Cloudera, Datastax, MapR and SAP demonstrated that the first rule of success is to show up:

  • Mike Olson of Cloudera responded to Hortonworks’ snark by confirming Cloudera’s commitment to Impala as well as Hive on Spark.  Olson drew a round of applause when he invited Horton to join the Hive on Spark consortium.
  • Martin van Ryswyk of Datastax announced immediate availability of a Cassandra driver for Spark, a component that exposes Cassandra tables as Spark RDDs.  Datastax continues to work on tighter integration with Spark, including support for Spark SQL, Streaming and GraphX libraries.  In the breakouts, Datastax delivered a deeper briefing on integration with Spark Streaming.
  • M.C. Srivas of MapR highlighted Spark benefits realized by four MapR customers, including Cisco, a health insurer, an ad platform and a pharma company.  MapR continues to claim support for Shark as a differentiator, a point mooted by the announcement that Spark SQL will soon absorb Shark.
  • Aiaz Kazi of SAP seemed pleased that most of the audience has heard of SAP HANA, and delivered an overview of SAP’s integration with Spark.

IBM wasted a Platinum sponsorship by sending some engineers to talk about “System T”, IBM’s text mining application, with passing references to Spark.  Although IBM Infosphere BigInsights is a certified Spark distribution, IBM appears uncommitted to Spark; the lack of executive presence at the Summit stood out in sharp contrast to Cloudera and MapR.
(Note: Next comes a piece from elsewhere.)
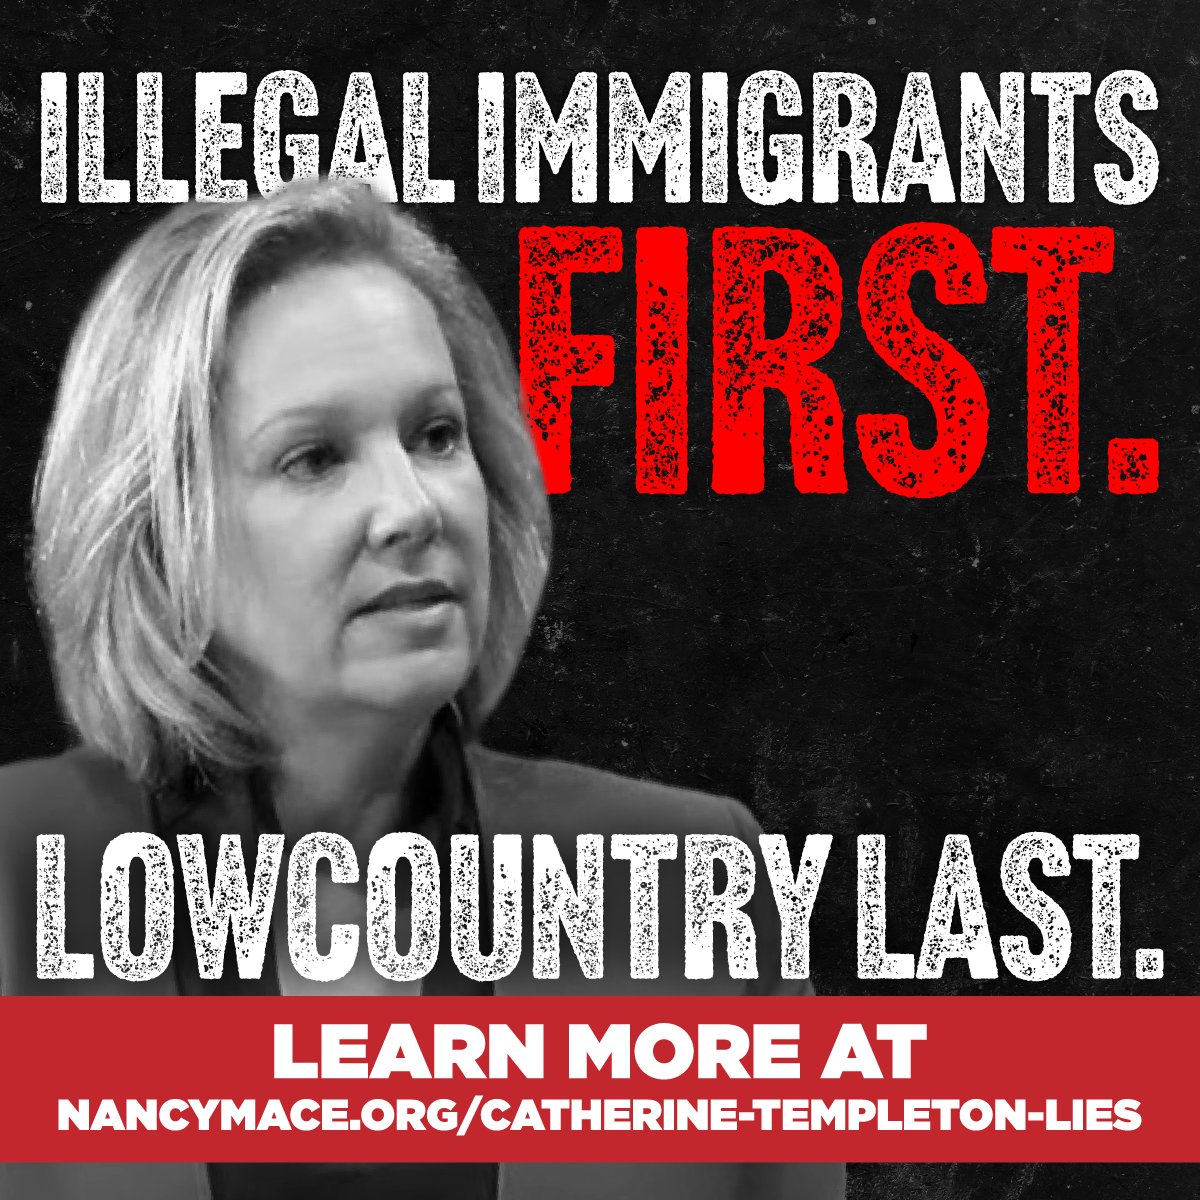 Our opponent gutted illegal immigration enforcement in South Carolina. Her record is clear, no matter how many times she lies. She CUT illegal immigration enforcement by 85% and the state’s budget from $2million almost down to $0.

Silver sponsors Hortonworks and Pivotal hosted tables in the vendor area, but did not present anything.

Neuroscientist Jeremy Freeman, back by popular demand from the 2013 Spark Summit, presented latest developments in his team’s research into animal brains using Spark as an analytics platform.  Freeman’s presentations are among the best demonstrations of applied analytics that I’ve seen in any forum.

A number of vendors in the Spark ecosystem delivered presentations showing how their applications leverage Spark, including:

The most significant change from the 2013 Spark Summit is the number of reported production users for Spark.  While the December conference focused on Spark’s potential, I counted several dozen production users among the presentations I attended.

Also among the sellout crowd: a SAS executive checking to see if there is anything to this open source and vendor-neutral stuff.  Apparently, he did not get Jim Goodnight’s message that “Big Data is hype manufactured by media“.